In this video we’re gonna look at geometric sequences and we’re gonna see how to write down a general formula for a particular geometric sequence. Then we’ll go on and answer a few typical questions. So let’s start off with the definition. A sequence of numbers are called a geometric sequence if each term is multiplied by the same common ratio to get the next term. So for example, we’ve got a sequence of numbers three, six, 12, 24, and so on. And in this case, three is our first term. And in each case, to get the next number in the sequence, we’re simply doubling each term. So the common ratio is two. To get one term, we simply multiply the previous term by two.
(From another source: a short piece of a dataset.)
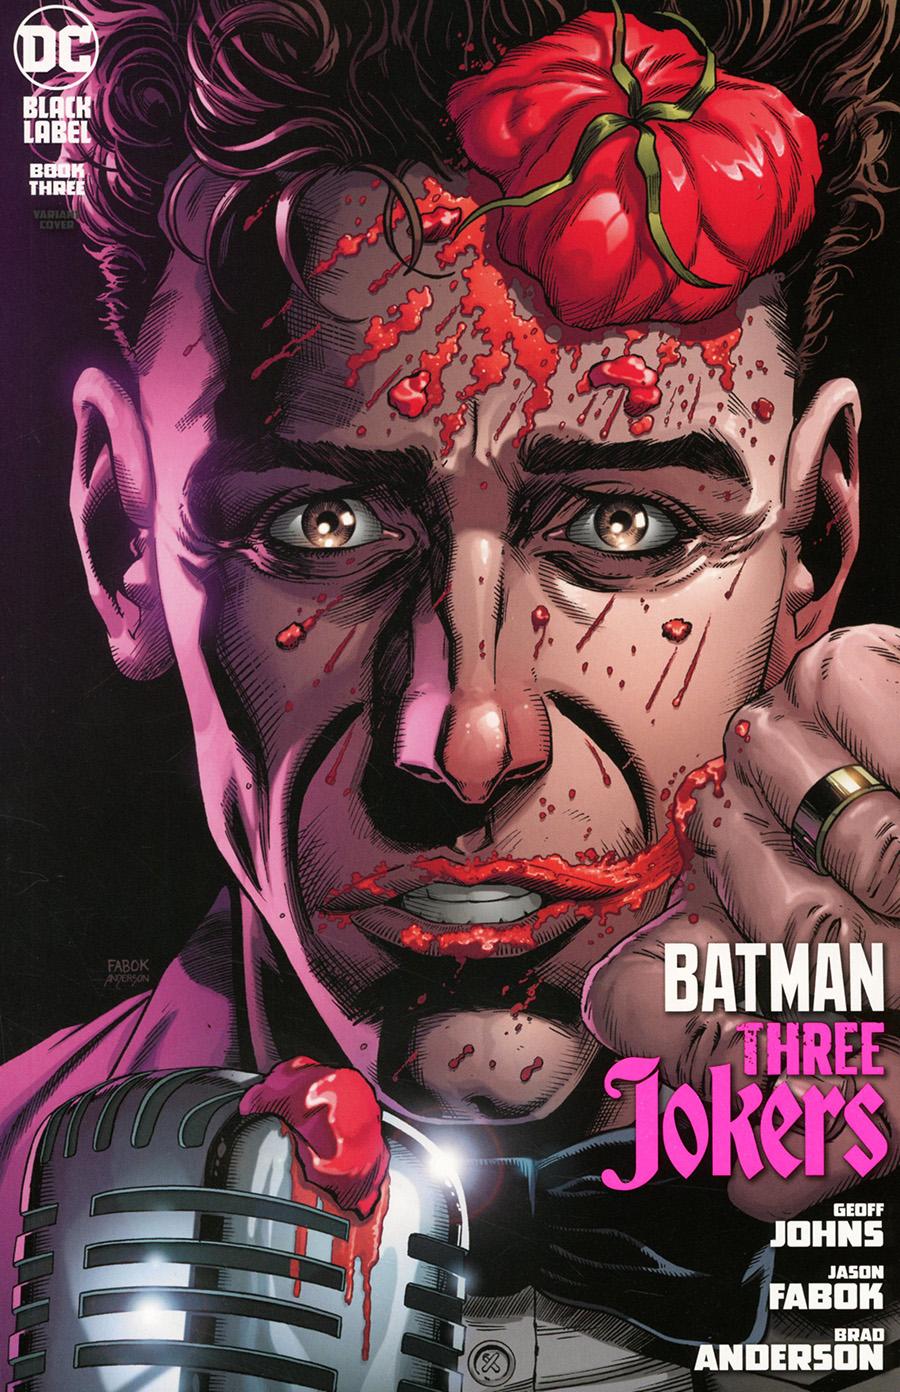 Batman Three Jokers #3 Premium Variant H Jason Fabok Stand-Up Comedian Cover

In another example, the sequence 10, 15, 22.5, 33.75, and so on, the first term in the sequence is 10. And I need to multiply each term in the sequence by 1.5 to get the next term. So my common ratio is 1.5. Another example would be the sequence seven, seven-tenths, seven hundredths, seven thousandths, and so on. Now for this sequence, my first term will be seven. And I need to multiply each term by a tenth to get the next term. So my common ratio is a tenth. And another example would be the sequence 32, negative 16, eight, negative four. And in this case, the first term will be 32. And I’d need to multiply each term by negative a half to get the next term. So my common ratio would be negative a half. So my common ratio then could be positive, could be negative, could be integer, fraction, decimal. There’s all sorts of possibilities for what that might be.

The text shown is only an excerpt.